Word for word, restate the lines of the listing below from the line with "除去すばらしいです噴水肌ラボ 極潤オイルイン化粧水 植物性スクワランオイル配合" through the line with "创意装饰公司画册版式设计", and do not include the pictures.

RECORDS SHOWN —
-----

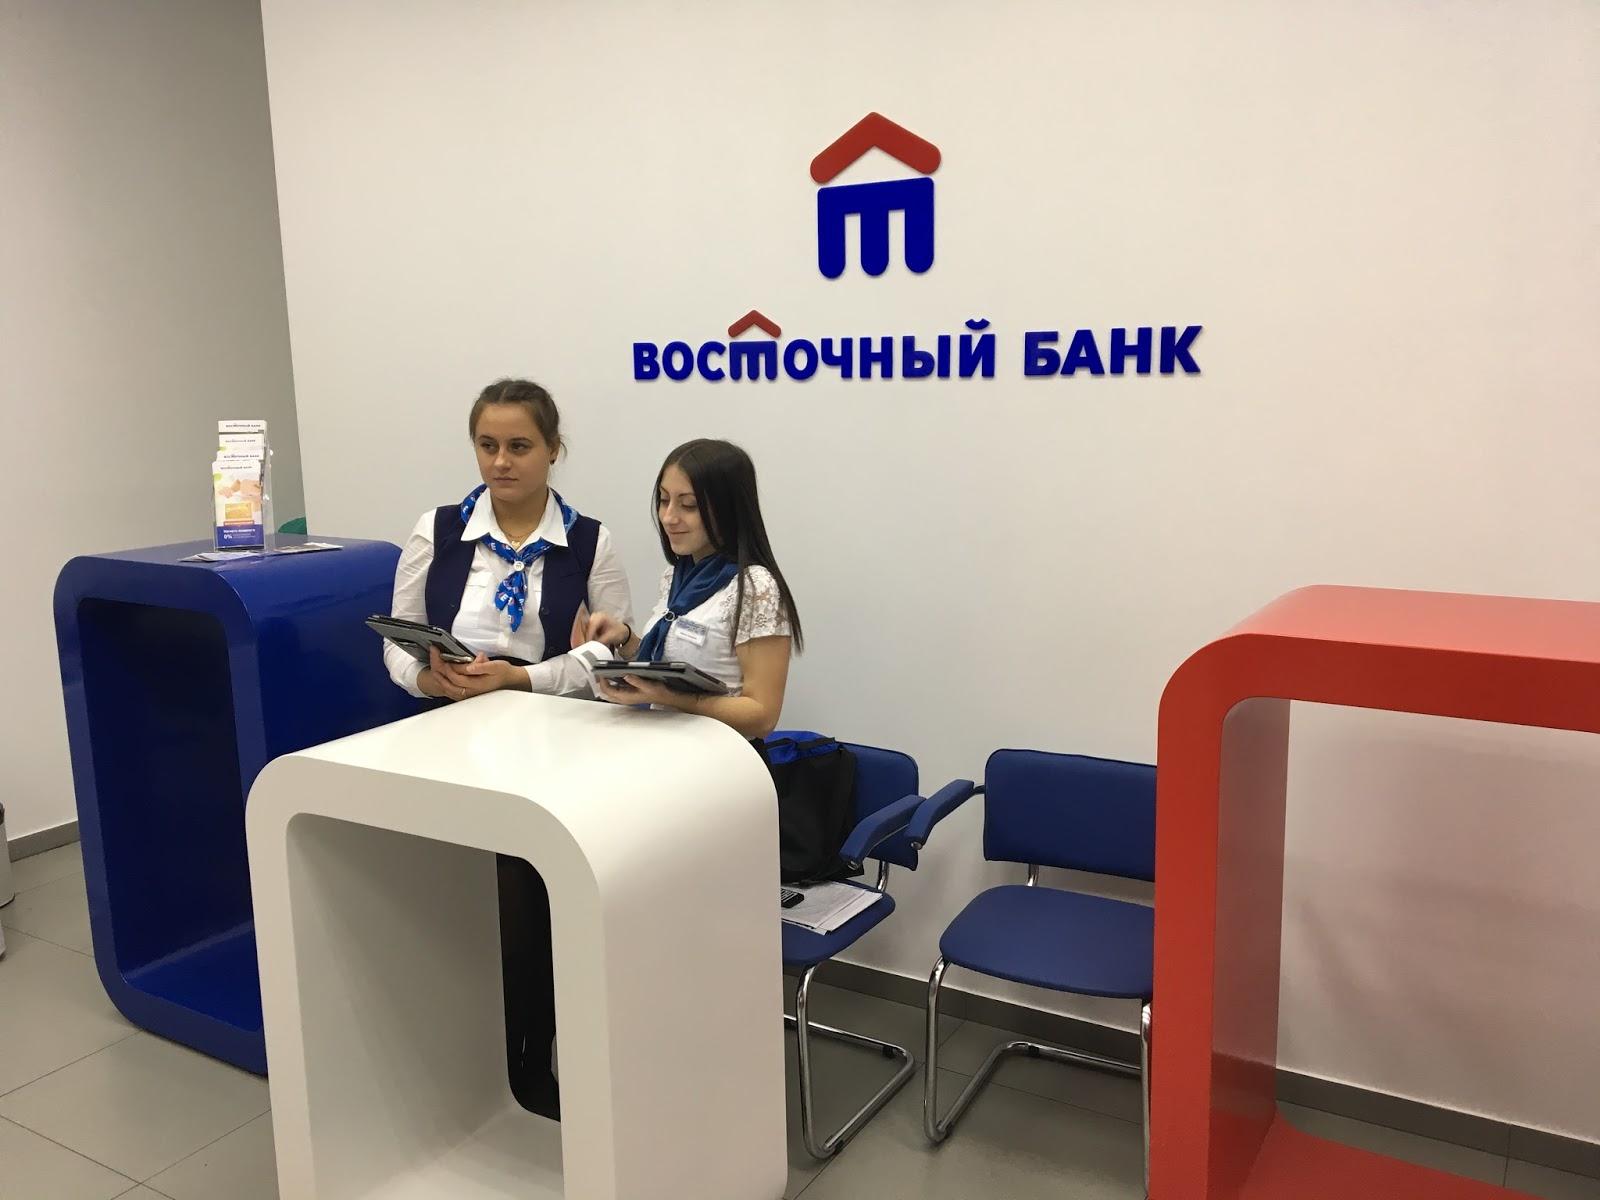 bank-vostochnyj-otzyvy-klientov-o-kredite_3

-----

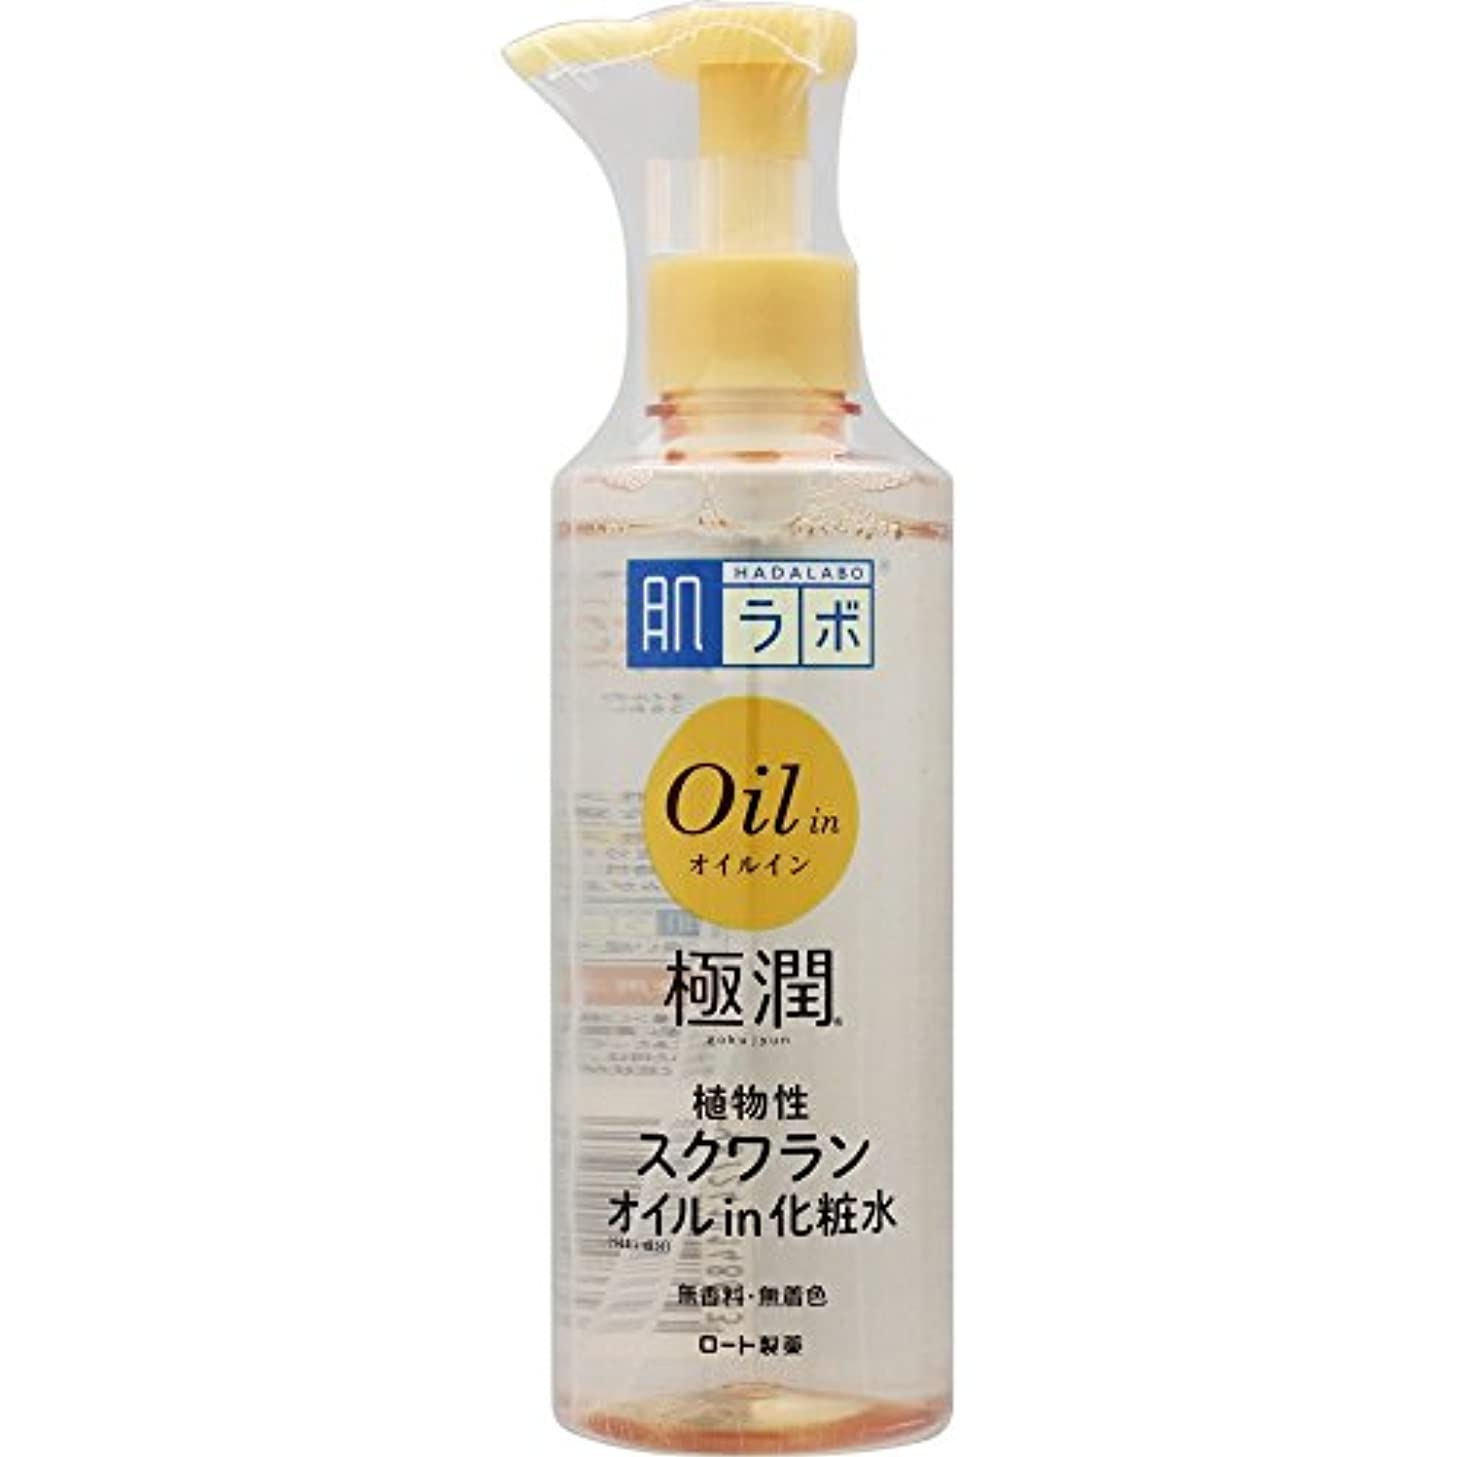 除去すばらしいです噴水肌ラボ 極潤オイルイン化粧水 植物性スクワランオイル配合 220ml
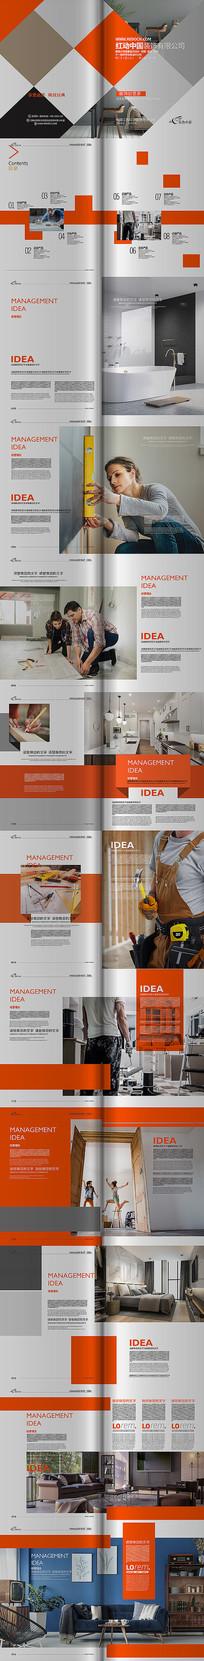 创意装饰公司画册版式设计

-----

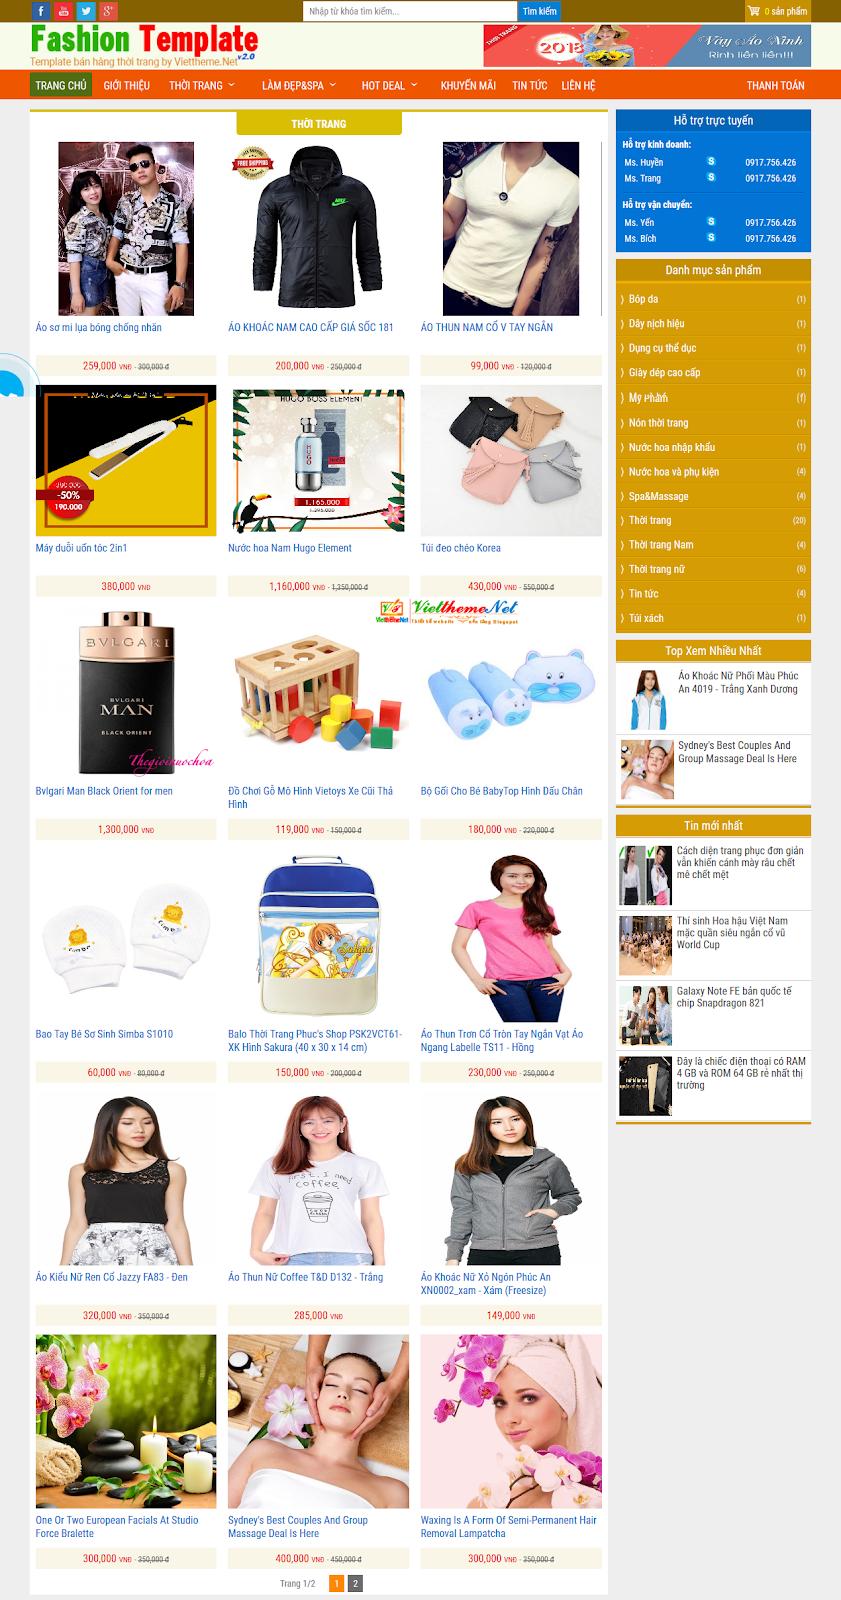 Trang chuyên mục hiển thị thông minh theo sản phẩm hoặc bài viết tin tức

-----

SOLVED EXERCISE —
 除去すばらしいです噴水肌ラボ 極潤オイルイン化粧水 植物性スクワランオイル配合 220ml
 创意装饰公司画册版式设计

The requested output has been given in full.